- _PROBLEM DETAILS_
Leaving out the pictures, retype exactly the lines from the one holding "Aviations Chunky Sneakers" through the end of the material.

- _INFORMATION PROVIDED_
○ ○ ○ ○

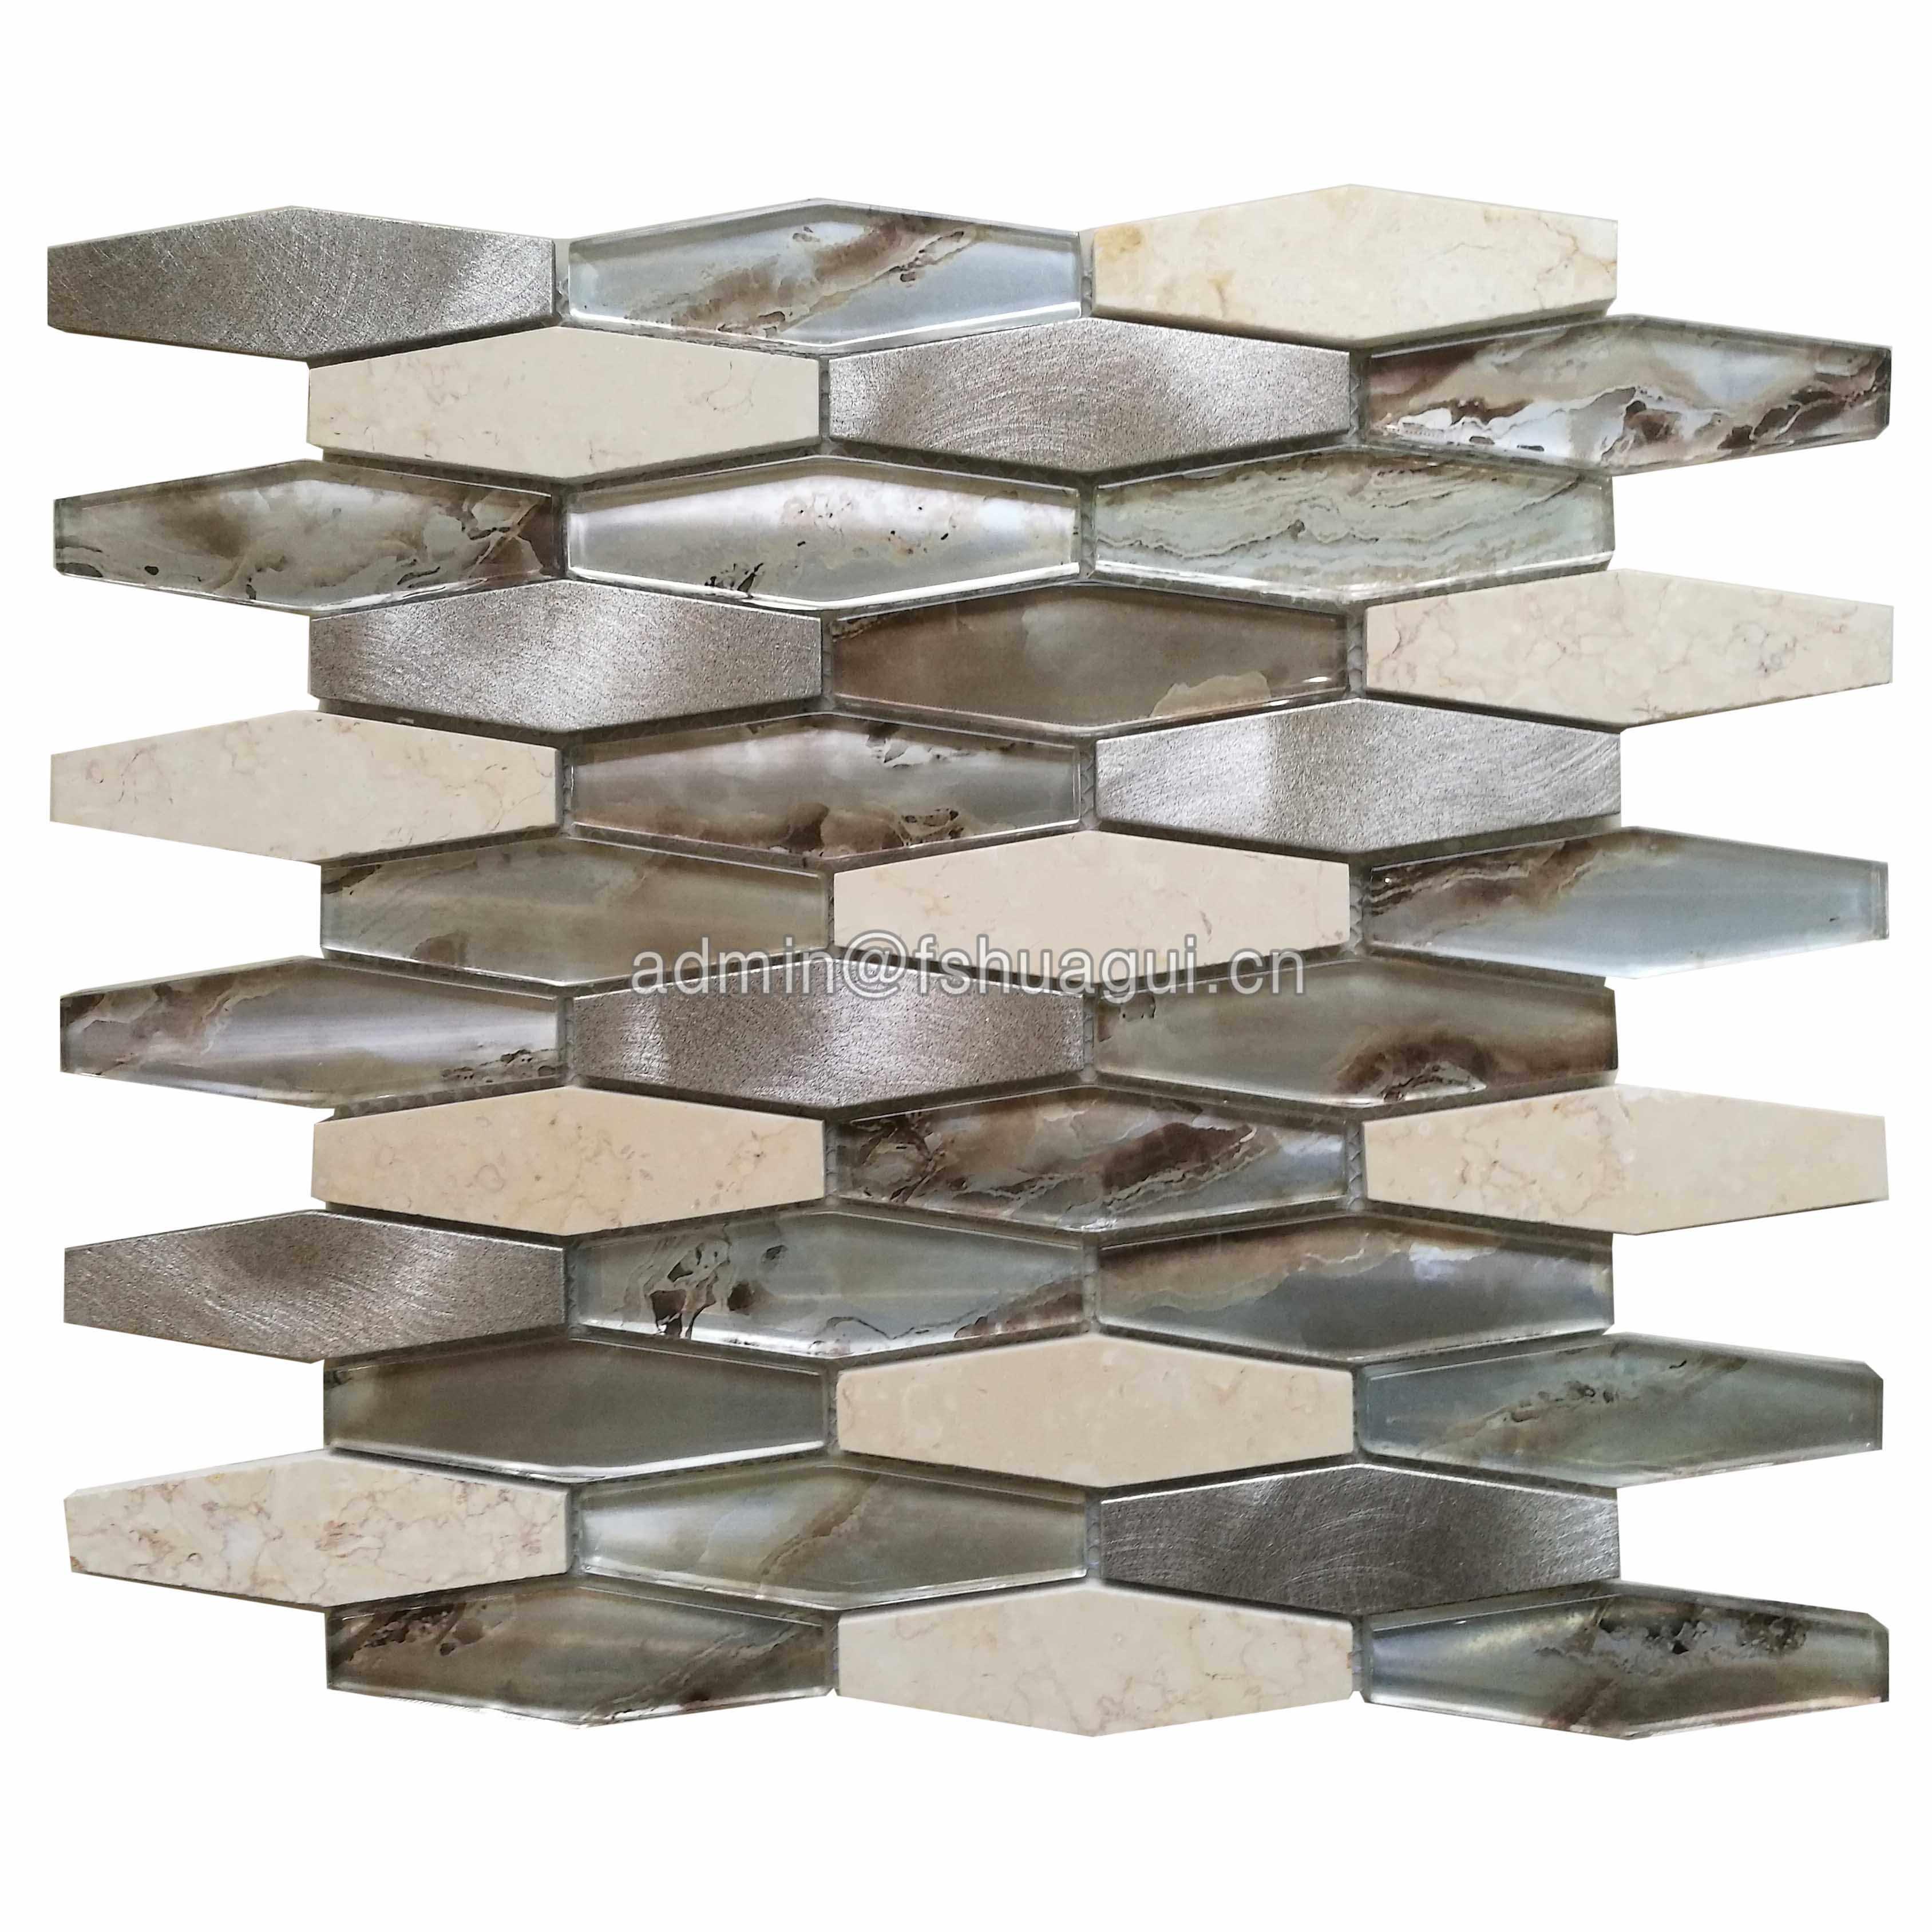 Huagui Metro Long Hexagon Aluminum and Glass Stone Mosaic Tiles GLASS MOSAIC TILE image118
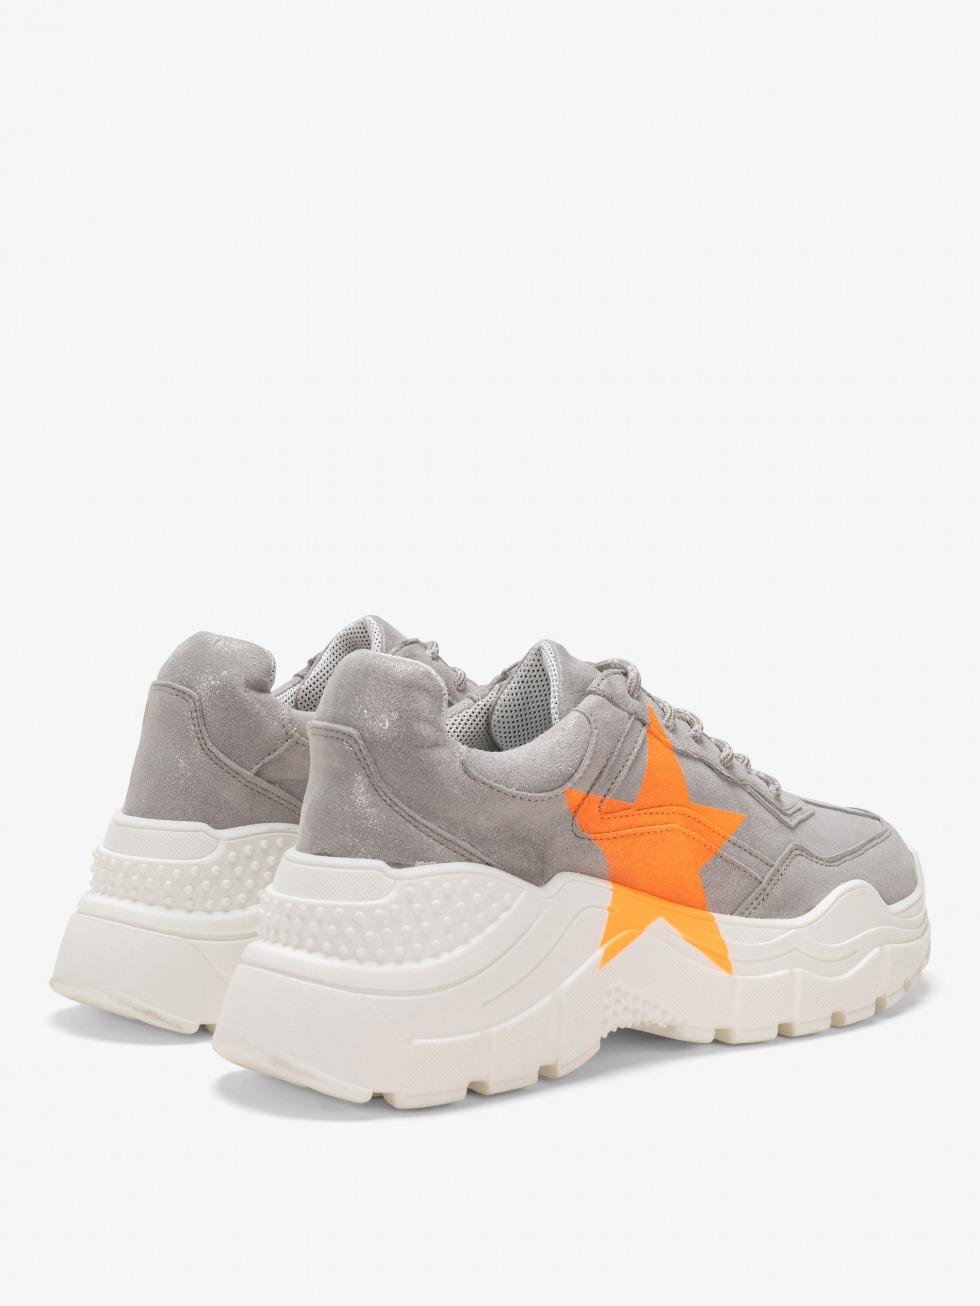 Aviations Chunky Sneakers - Stardust Neon Orange Star
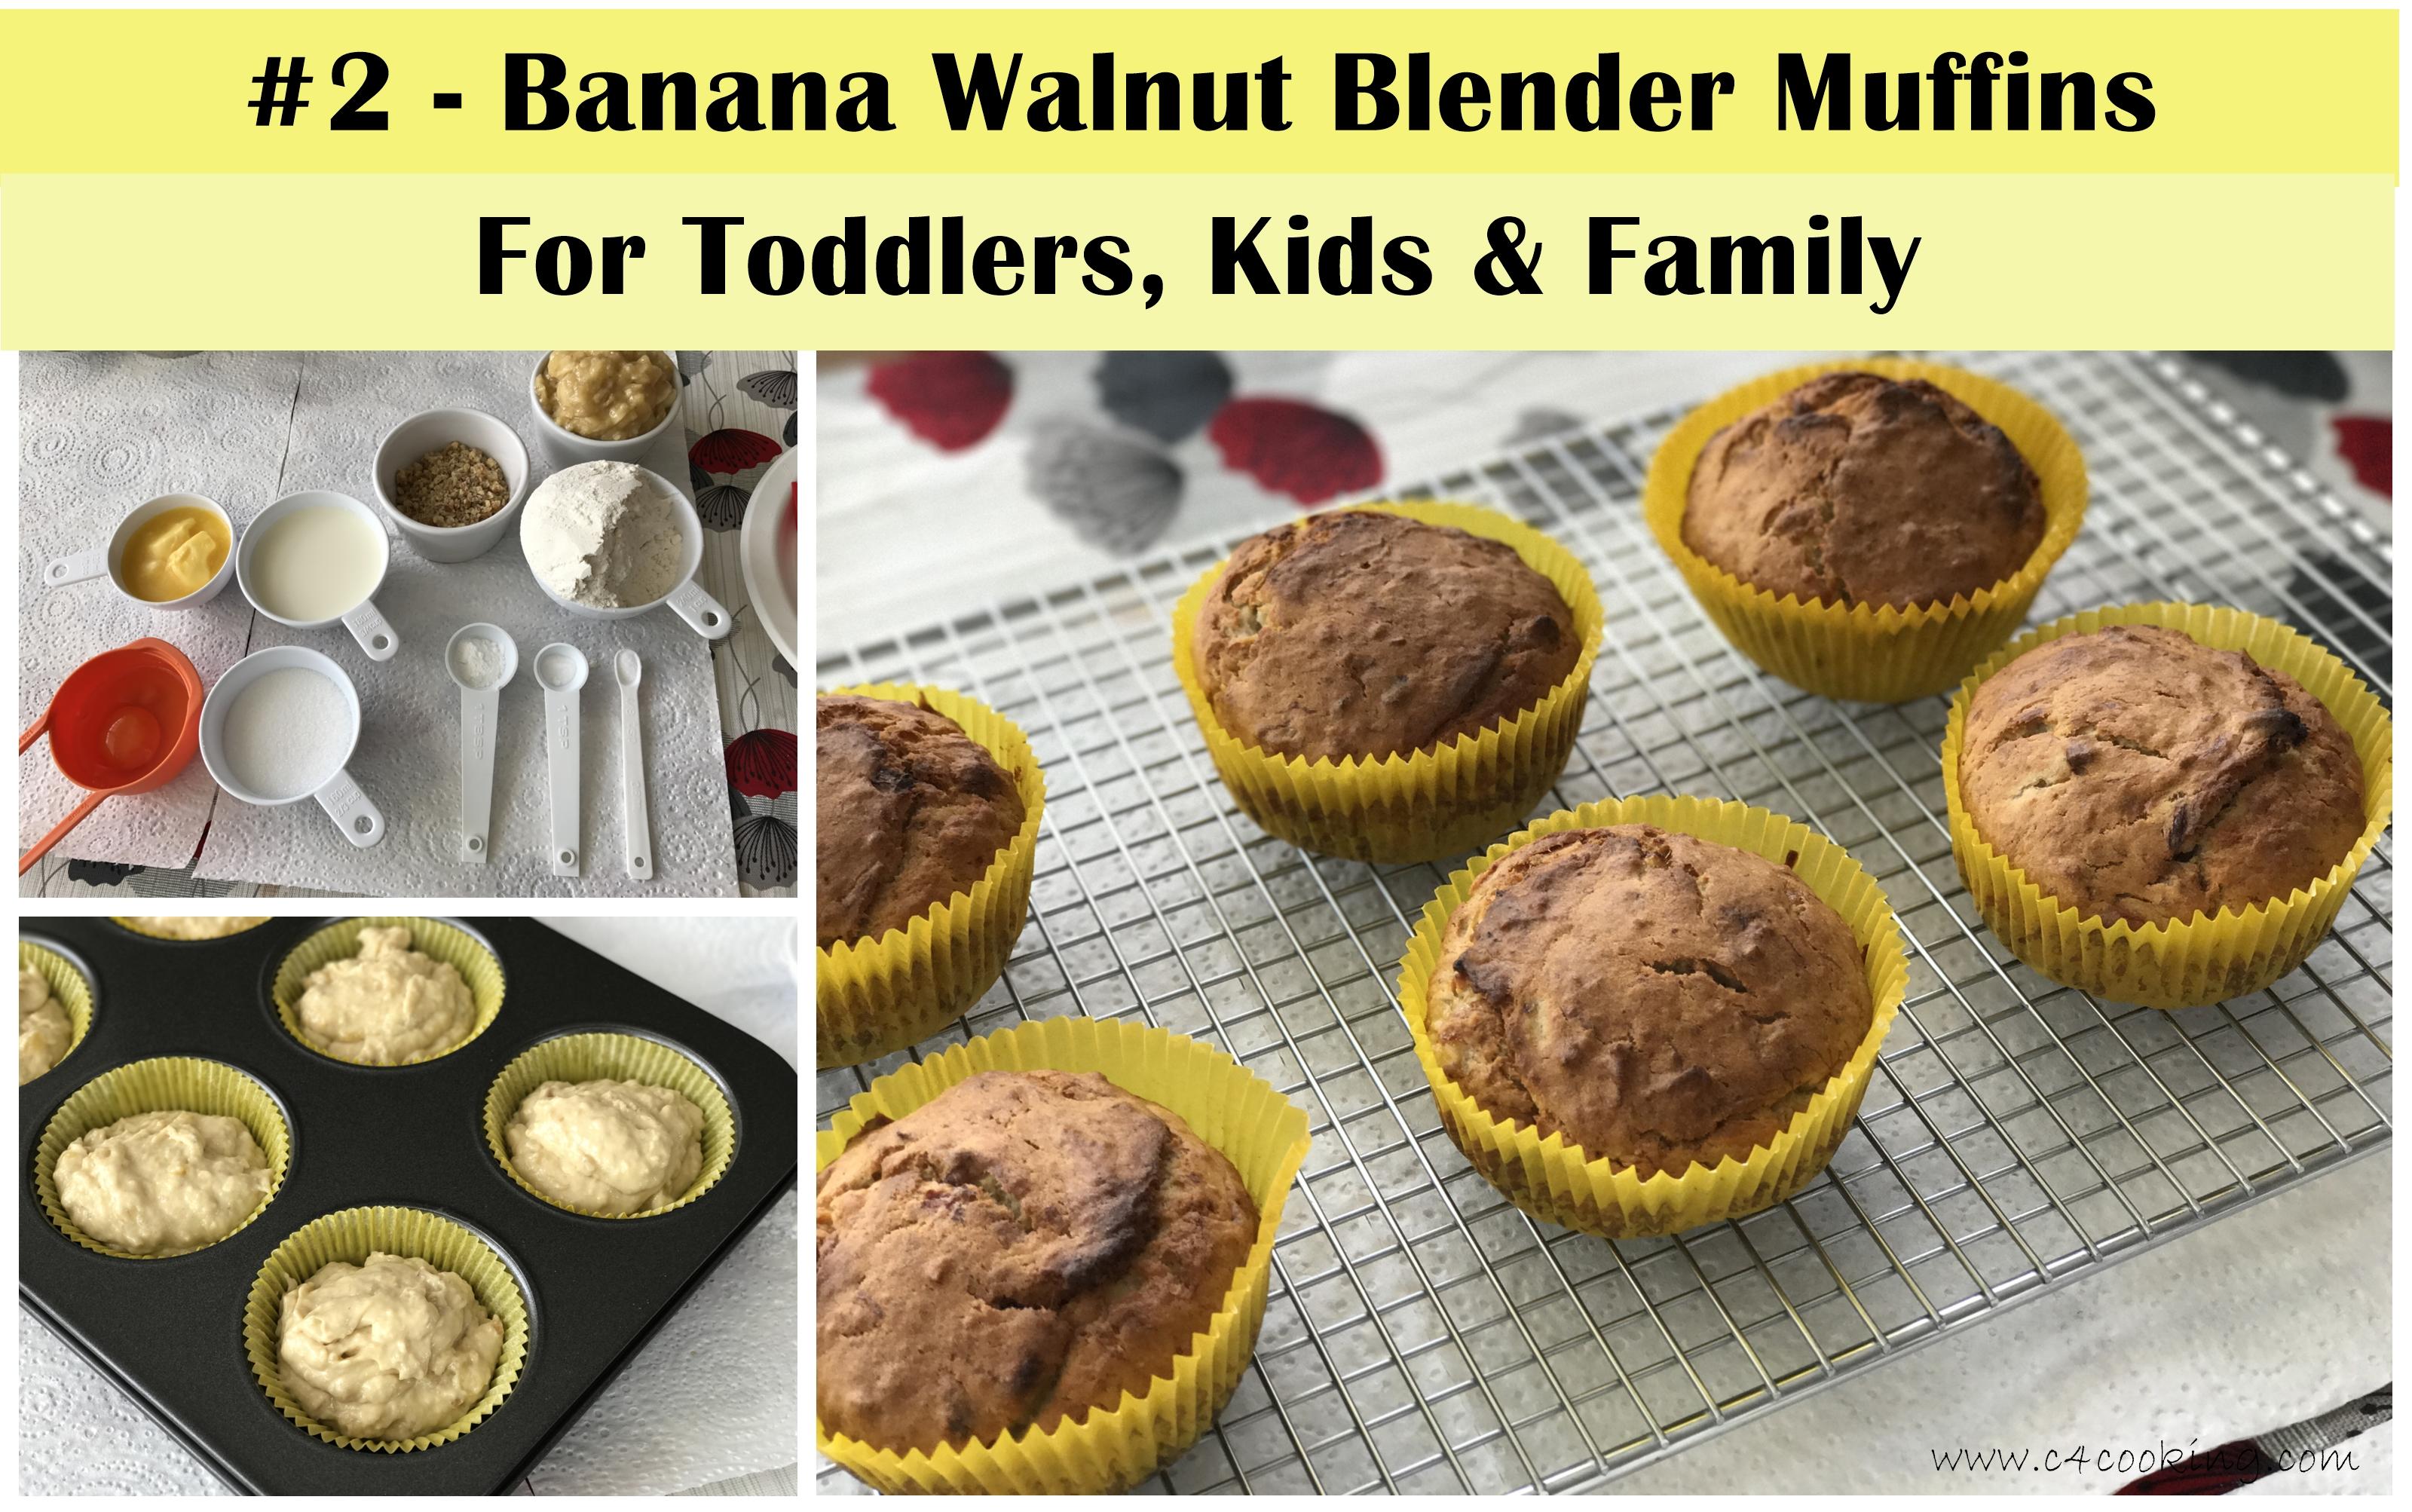 Banana Walnut Blender muffins

○ ○ ○ ○

- _ANSWER SECTION_
 Aviations Chunky Sneakers - Stardust Neon Orange Star
 Banana Walnut Blender muffins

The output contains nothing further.